By carefully defining these parameters, we ensure that the RL agent can interpret the dataset's structure, learn from past patterns, and make optimized decisions to reduce energy usage while maintaining comfort.

### Configuration

In [6]:
import pi_optimal as po

LOOKBACK_TIMESTEPS = 8
historical_dataset = po.datasets.timeseries_dataset.TimeseriesDataset(df=df_historical_building_energy_consumption,
                                                                        lookback_timesteps=LOOKBACK_TIMESTEPS,
                                                                        unit_index='episode',
                                                                        timestep_column='step',
                                                                        reward_column='reward',
                                                                        state_columns=['day_type', 'hour', 'outdoor_dry_bulb_temperature', 'indoor_dry_bulb_temperature','occupant_count', 'net_electricity_consumption', 'indoor_dry_bulb_temperature_cooling_set_point'],
                                                                        action_columns=['cooling_device'])

---

## Training the Agent

With the dataset prepared, we can initialize and train the RL agent using `pi_optimal`.

### Agent Initialization

In [7]:
from pi_optimal.agents.agent import Agent

# Initialize the agent
agent = Agent(dataset=historical_dataset,
                type="mpc-continuous") # MPC horizon of 24 hours

### Training the Agent

In [8]:
agent.train()

100%|██████████| 8/8 [00:01<00:00,  4.00it/s]
100%|██████████| 8/8 [00:01<00:00,  4.33it/s]


---

## Evaluating and Predicting Actions

After training the Reinforcement Learning (RL) agent, the next step is to evaluate its performance on new, unseen data. This involves loading the current building energy consumption data, preparing it using the same preprocessing pipeline as the historical dataset, and then using the trained agent to predict the optimal actions (i.e. in our case cooling intensity) to maximize energy savings and maintain an desiried temperature.

### Load Current Data

In [9]:
import pandas as pd
import pi_optimal as po

# Load the current building energy consumption data
df_current_building_energy_consumption = pd.read_csv('data/current_temperature_control.csv')

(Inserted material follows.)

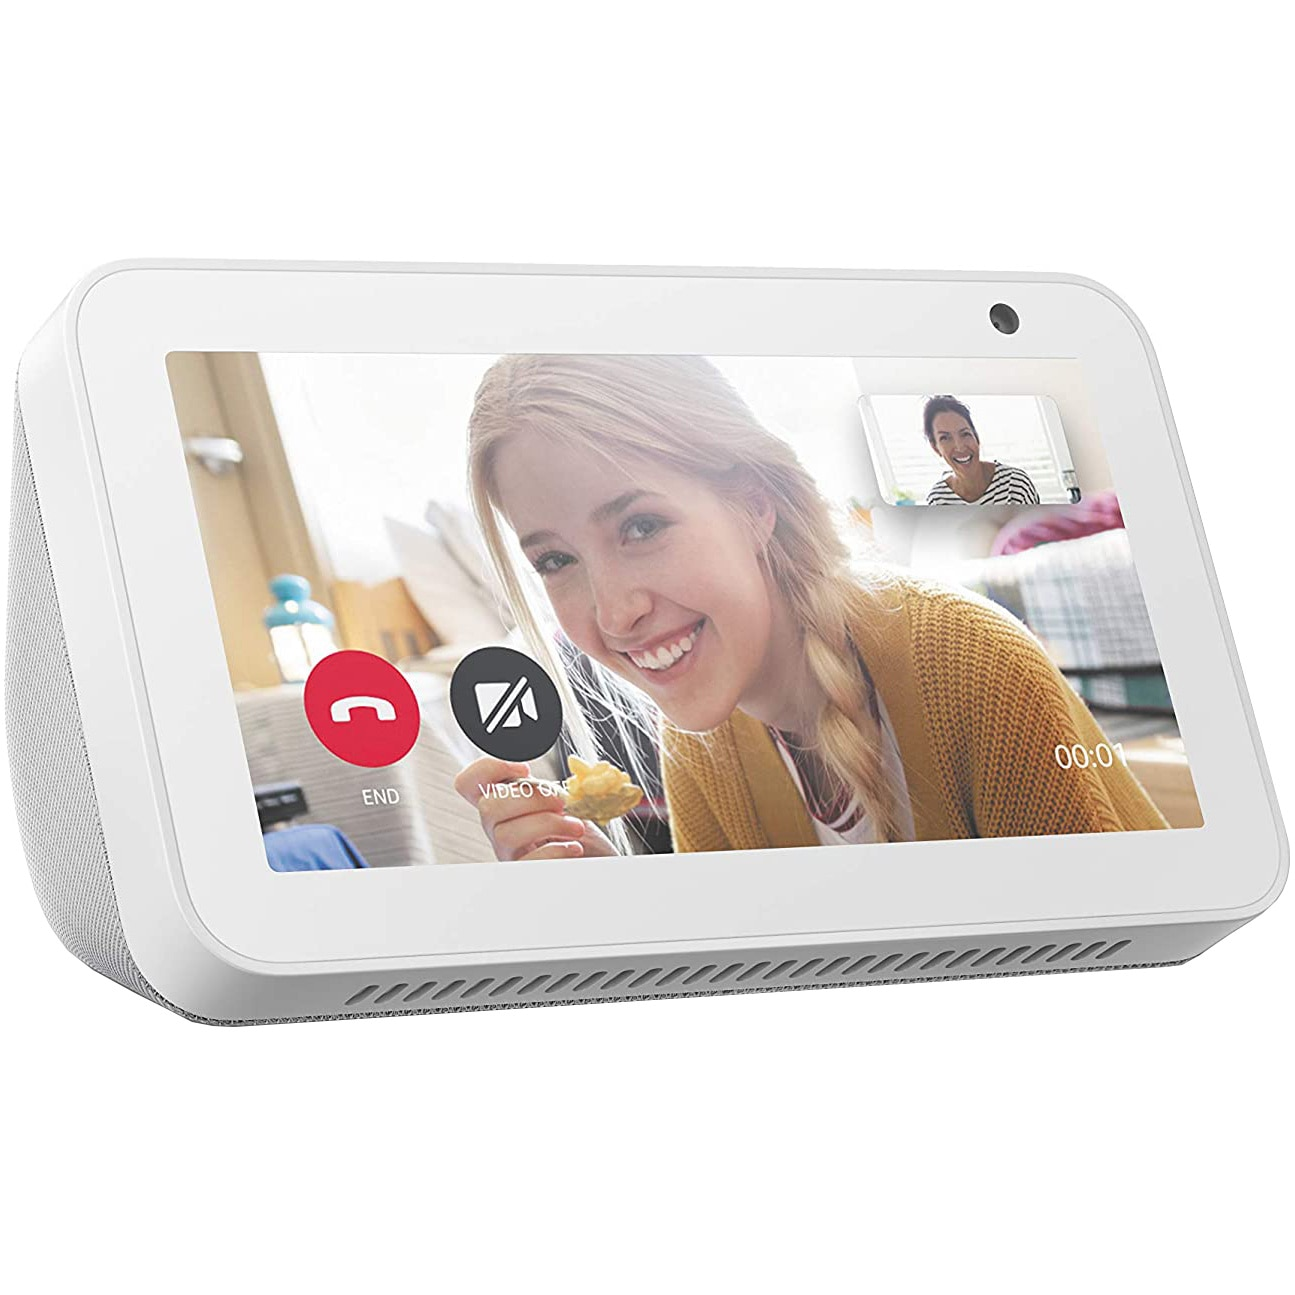 "Fotografie Boxa inteligenta Amazon Echo Show 5, Touchscreen 5.5"", Camera 1MP, 4W, Wi-Fi, Microfon, Alb"
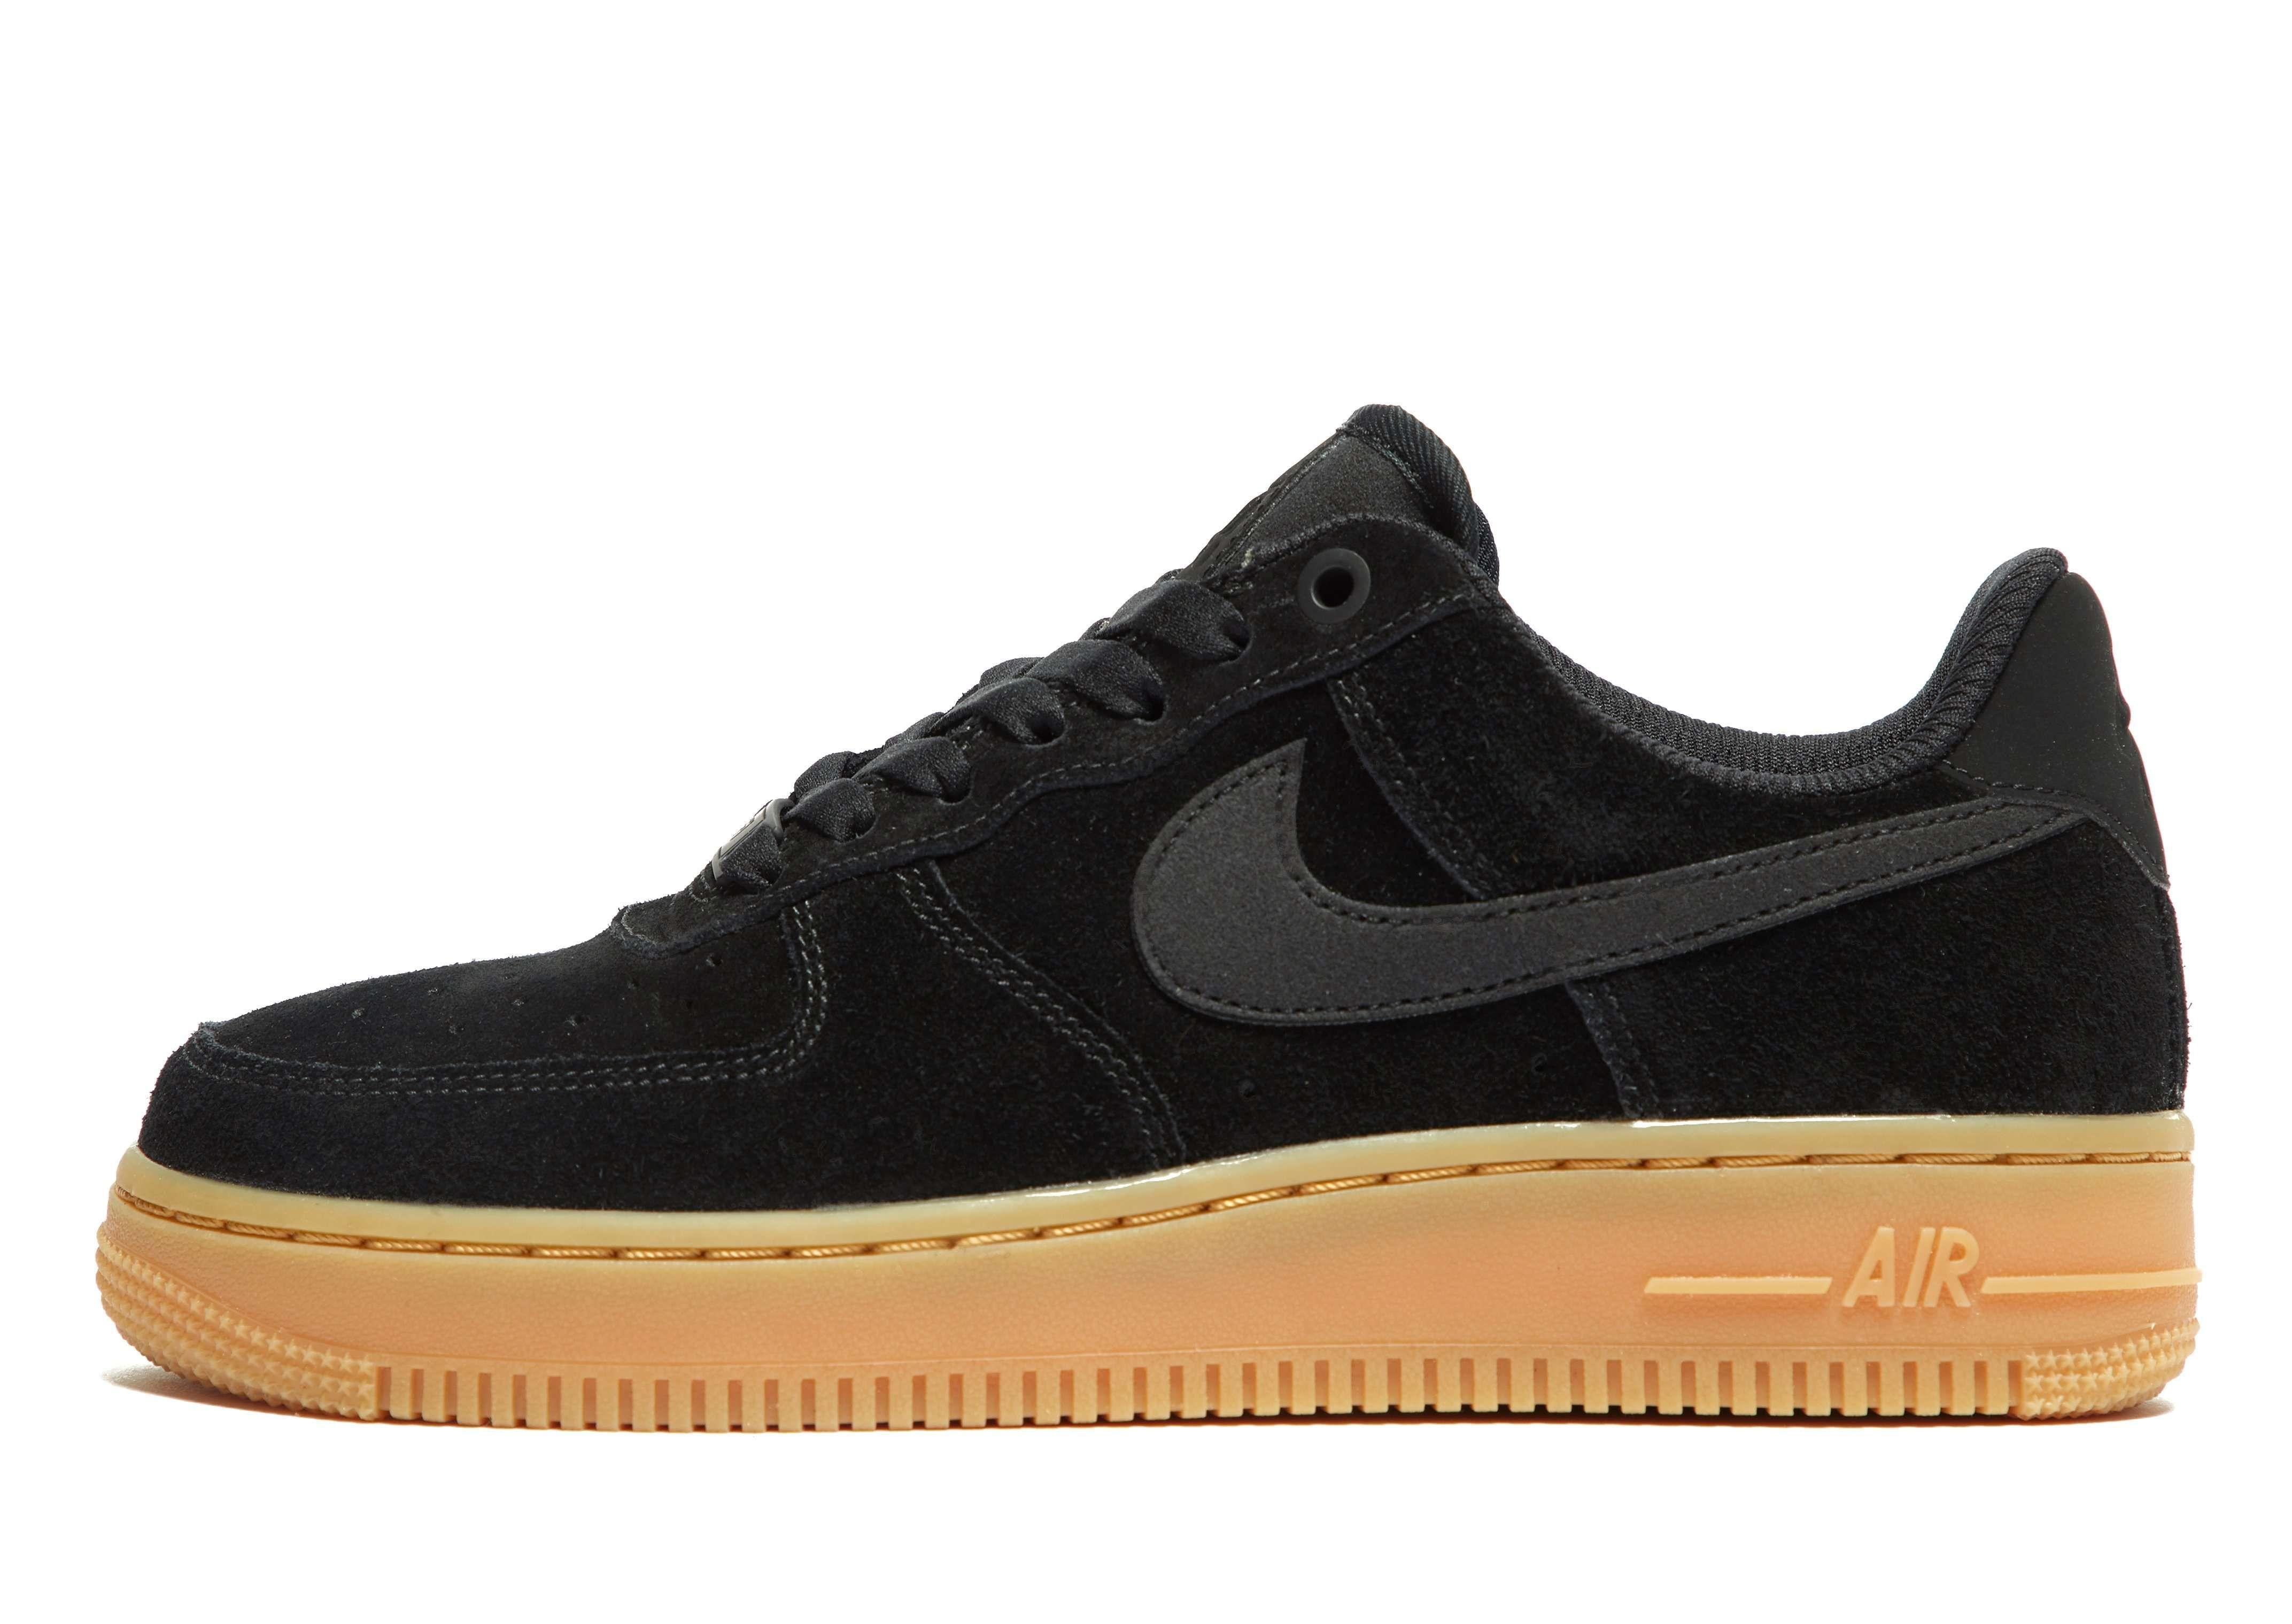 Nike Air Force 1 Low Black Royal Gum In Blackwhite gum Medium Brown game Royal

# Apply the reward calculation
df_current_building_energy_consumption["reward"] = df_current_building_energy_consumption.apply(calculate_reward, axis=1)

### Create Current Dataset

In [10]:
current_dataset = po.datasets.timeseries_dataset.TimeseriesDataset(df=df_current_building_energy_consumption,
                                                                   lookback_timesteps=LOOKBACK_TIMESTEPS,
                                                                    dataset_config=historical_dataset.dataset_config,
                                                                    train_processors=False,
                                                                    is_inference=True)

### Predict Optimal Actions

In [11]:
best_actions = agent.predict(current_dataset, 
                             inverse_transform=True, 
                             horizon=24)

100%|██████████| 24/24 [00:01<00:00, 17.84it/s]


Iteration: 1, Top-100 Cost: 0.248 (Cost: 0.6362, Uncertainty: 0.3638)


100%|██████████| 24/24 [00:01<00:00, 15.31it/s]


Iteration: 2, Top-100 Cost: 0.1983 (Cost: 0.6331, Uncertainty: 0.3669)


100%|██████████| 24/24 [00:01<00:00, 16.87it/s]


Iteration: 3, Top-100 Cost: 0.2004 (Cost: 0.6133, Uncertainty: 0.3867)


100%|██████████| 24/24 [00:01<00:00, 17.11it/s]


Iteration: 4, Top-100 Cost: 0.2507 (Cost: 0.5117, Uncertainty: 0.4883)


100%|██████████| 24/24 [00:01<00:00, 16.95it/s]


Iteration: 5, Top-100 Cost: 0.239 (Cost: 0.5877, Uncertainty: 0.4123)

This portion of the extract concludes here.